For this item, repeat the material exactly while omitting its pictures.

Data provided below:

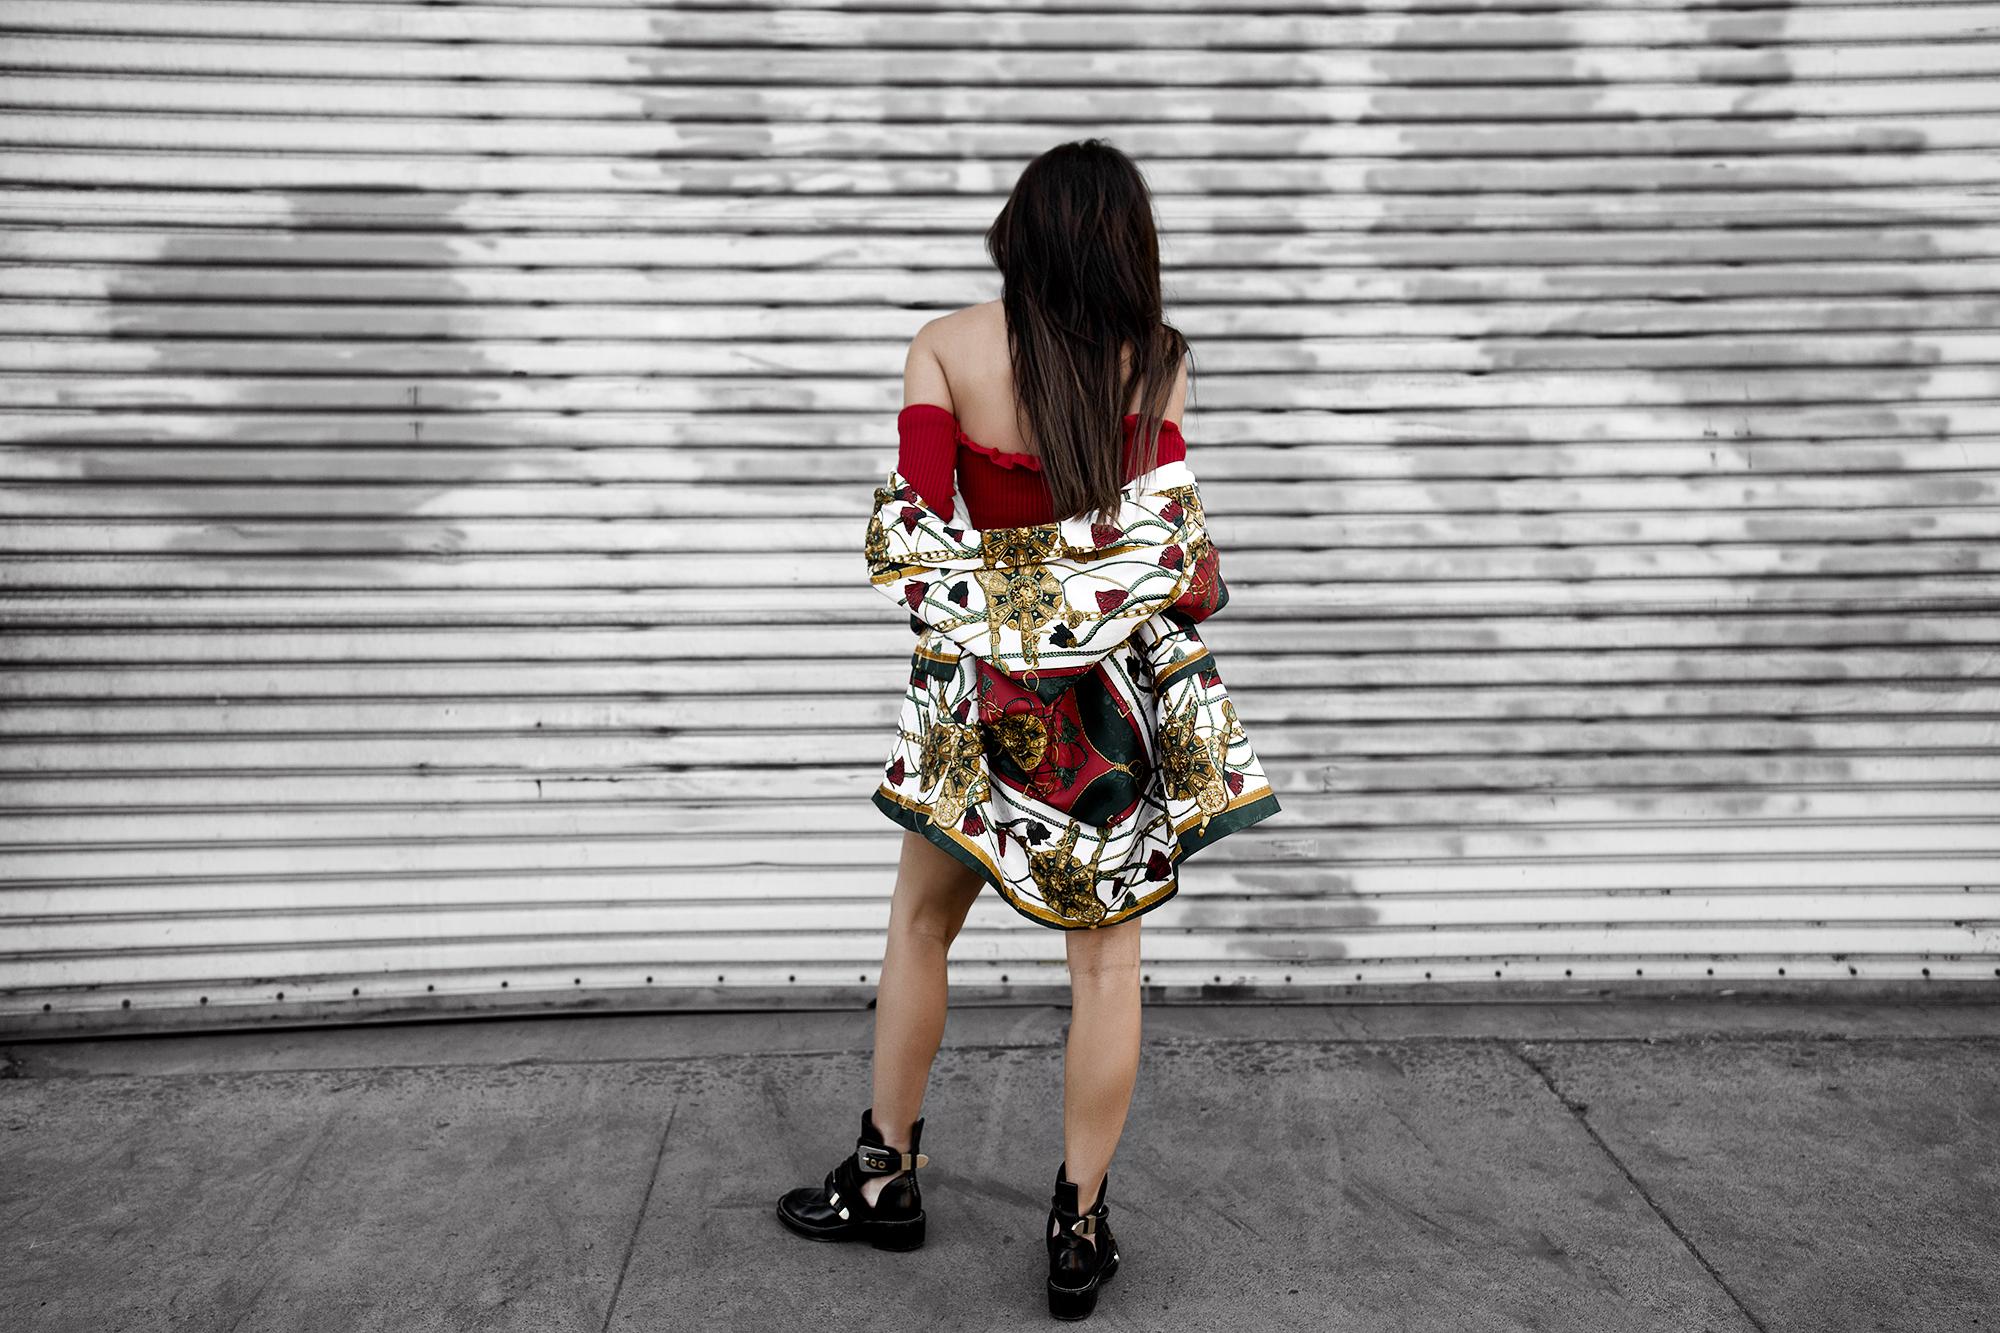 erica stolman talks shopping vintage clothes online
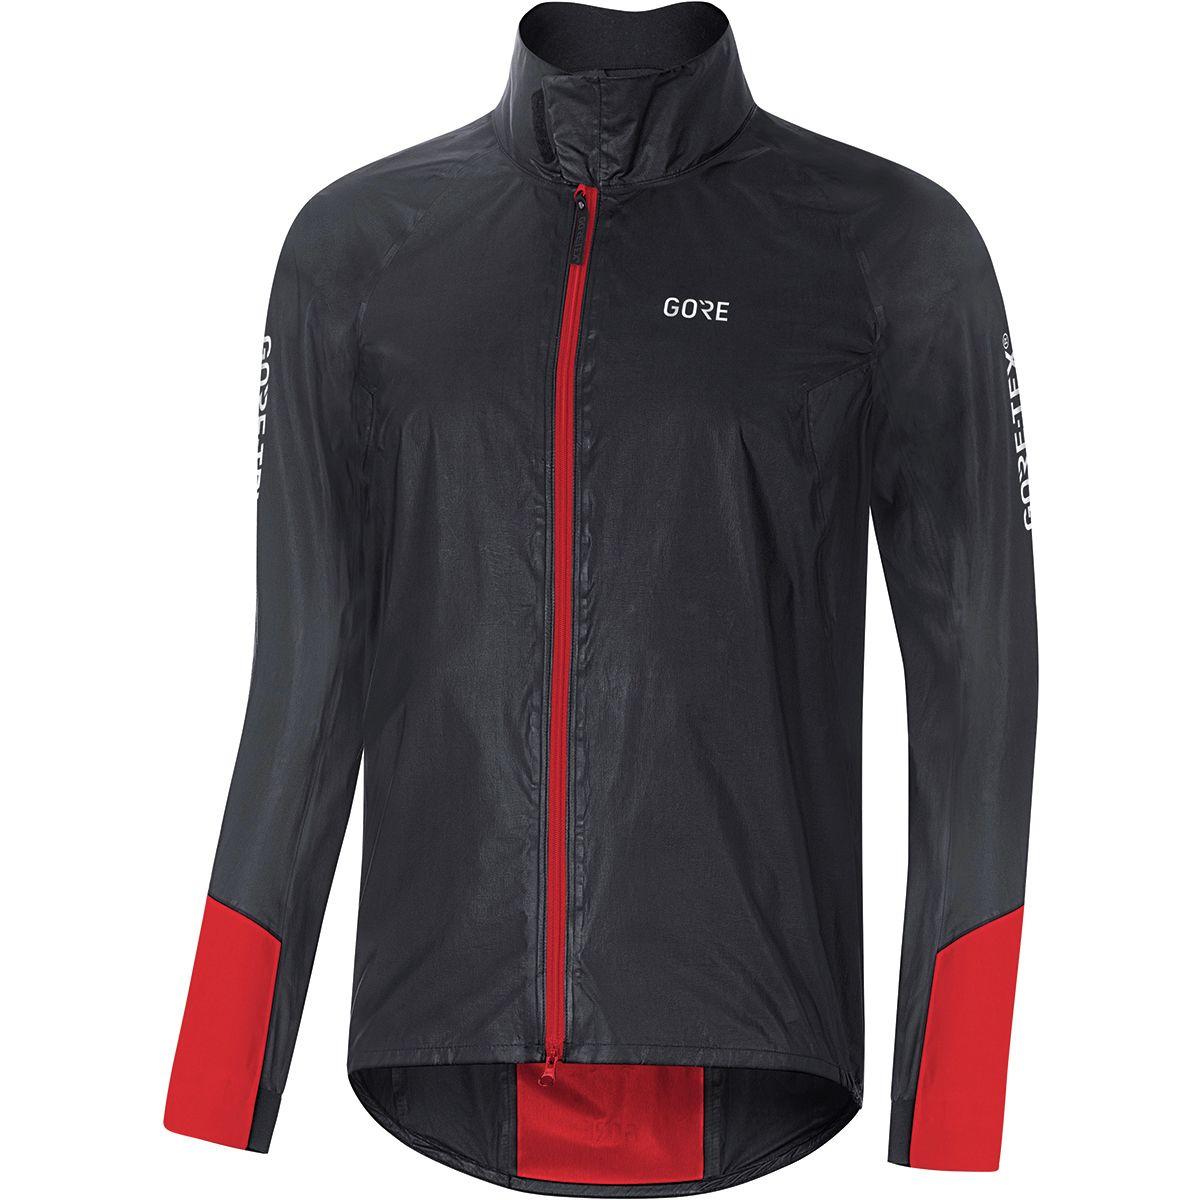 Altura Mayhem 2 Waterproof Mens Cycling Jacket Sporting Goods Grey
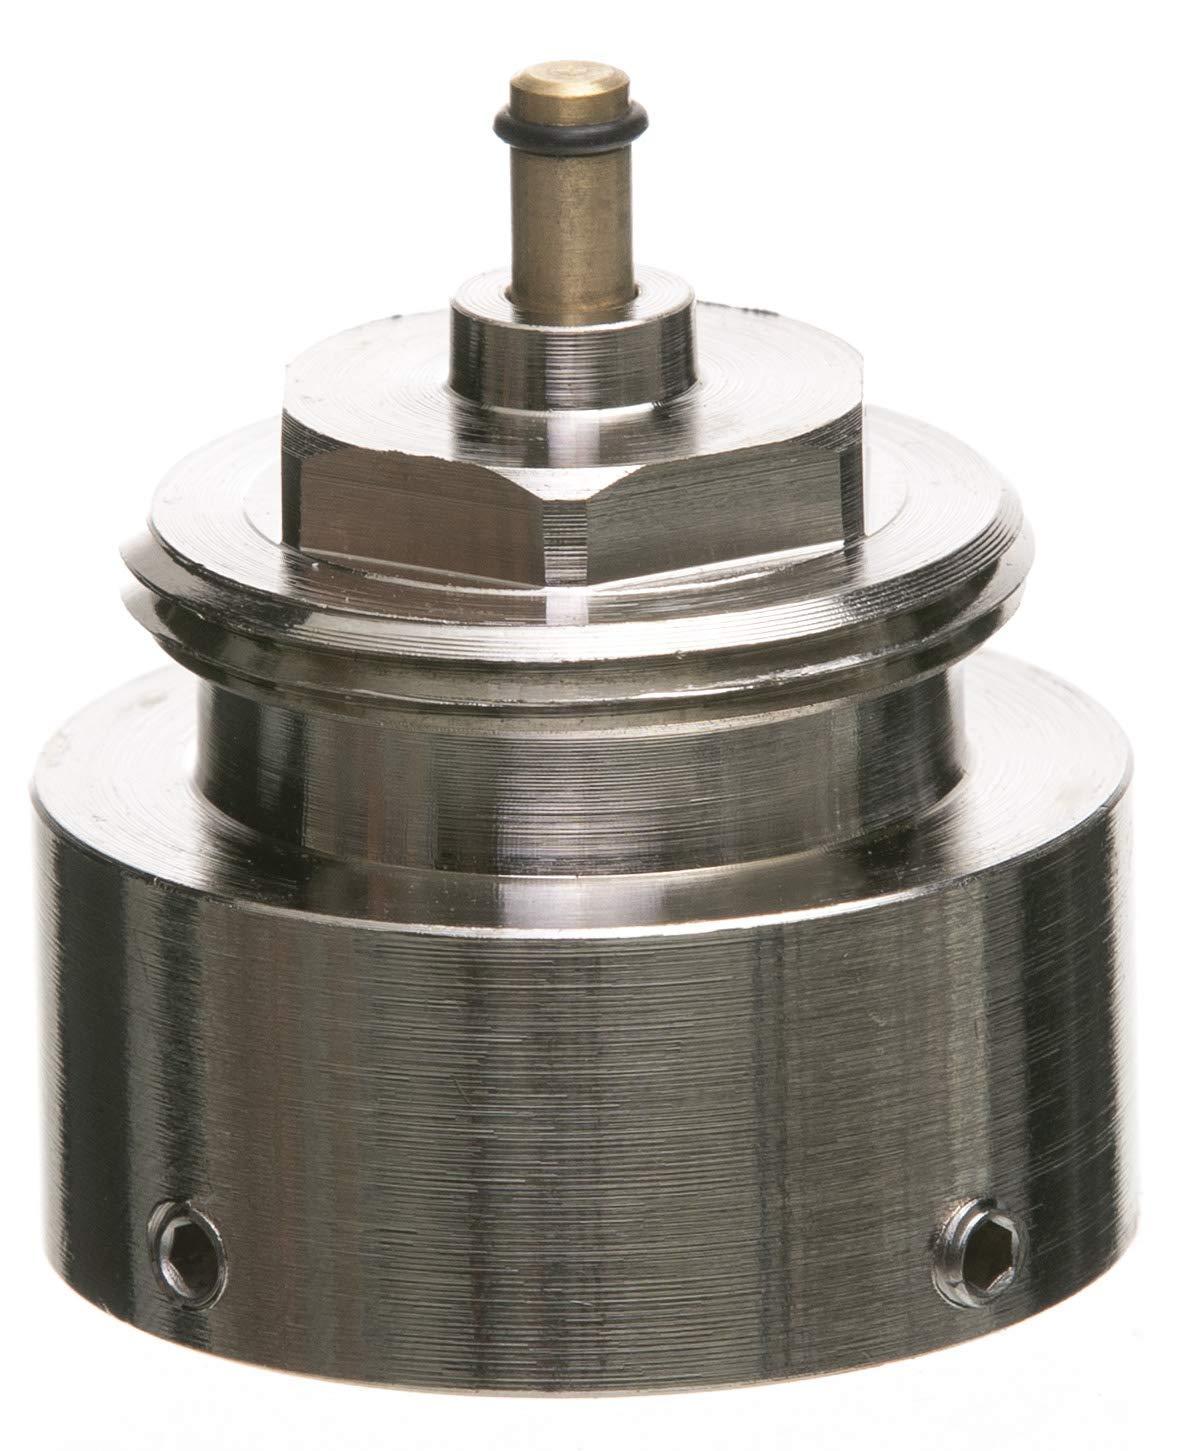 TA Heimeier Vaillant 9700-27.700 Adaptor Connector 30 mm

End of Data provided.

## Answer to this problem
 erica stolman talks shopping vintage clothes online
 Altura Mayhem 2 Waterproof Mens Cycling Jacket Sporting Goods Grey
 TA Heimeier Vaillant 9700-27.700 Adaptor Connector 30 mm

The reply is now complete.